- _Input records_
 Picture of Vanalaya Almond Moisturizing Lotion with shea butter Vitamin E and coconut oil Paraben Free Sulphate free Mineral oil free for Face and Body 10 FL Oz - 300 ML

...

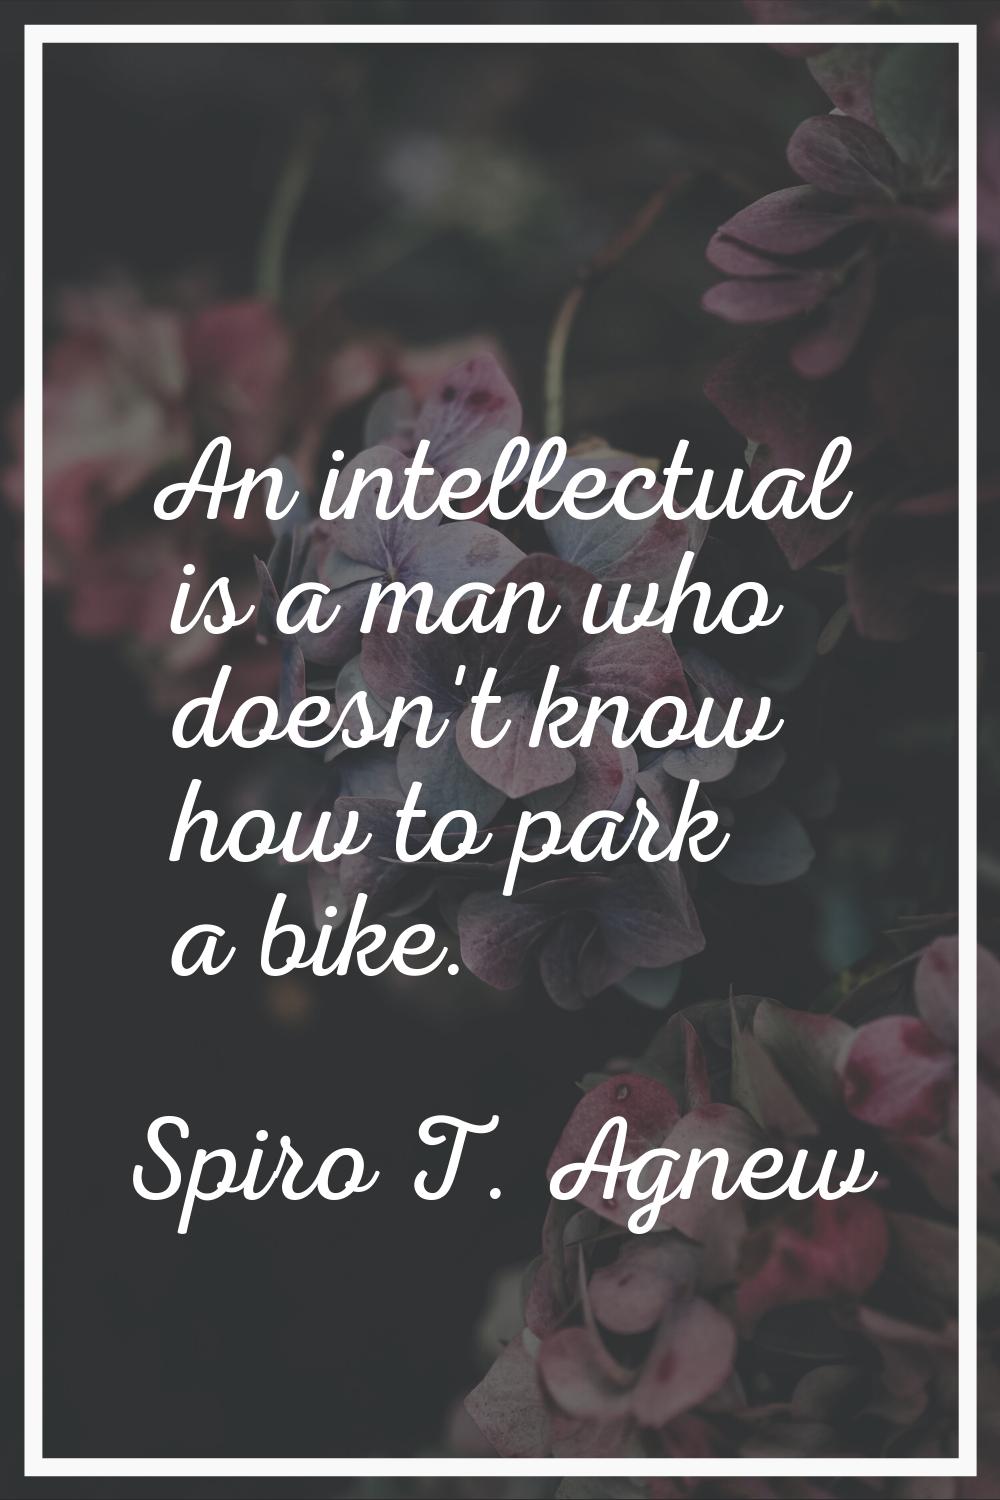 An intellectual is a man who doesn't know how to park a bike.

* * *

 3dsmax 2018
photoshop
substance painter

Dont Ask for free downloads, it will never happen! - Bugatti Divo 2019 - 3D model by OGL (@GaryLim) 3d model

- _Assignment_
Starting at the line with "substance painter" and ending at the line with "Dont Ask for", print each line of the listing above exactly, with no other lines.

- _Completed task_
substance painter

Dont Ask for free downloads, it will never happen! - Bugatti Divo 2019 - 3D model by OGL (@GaryLim) 3d model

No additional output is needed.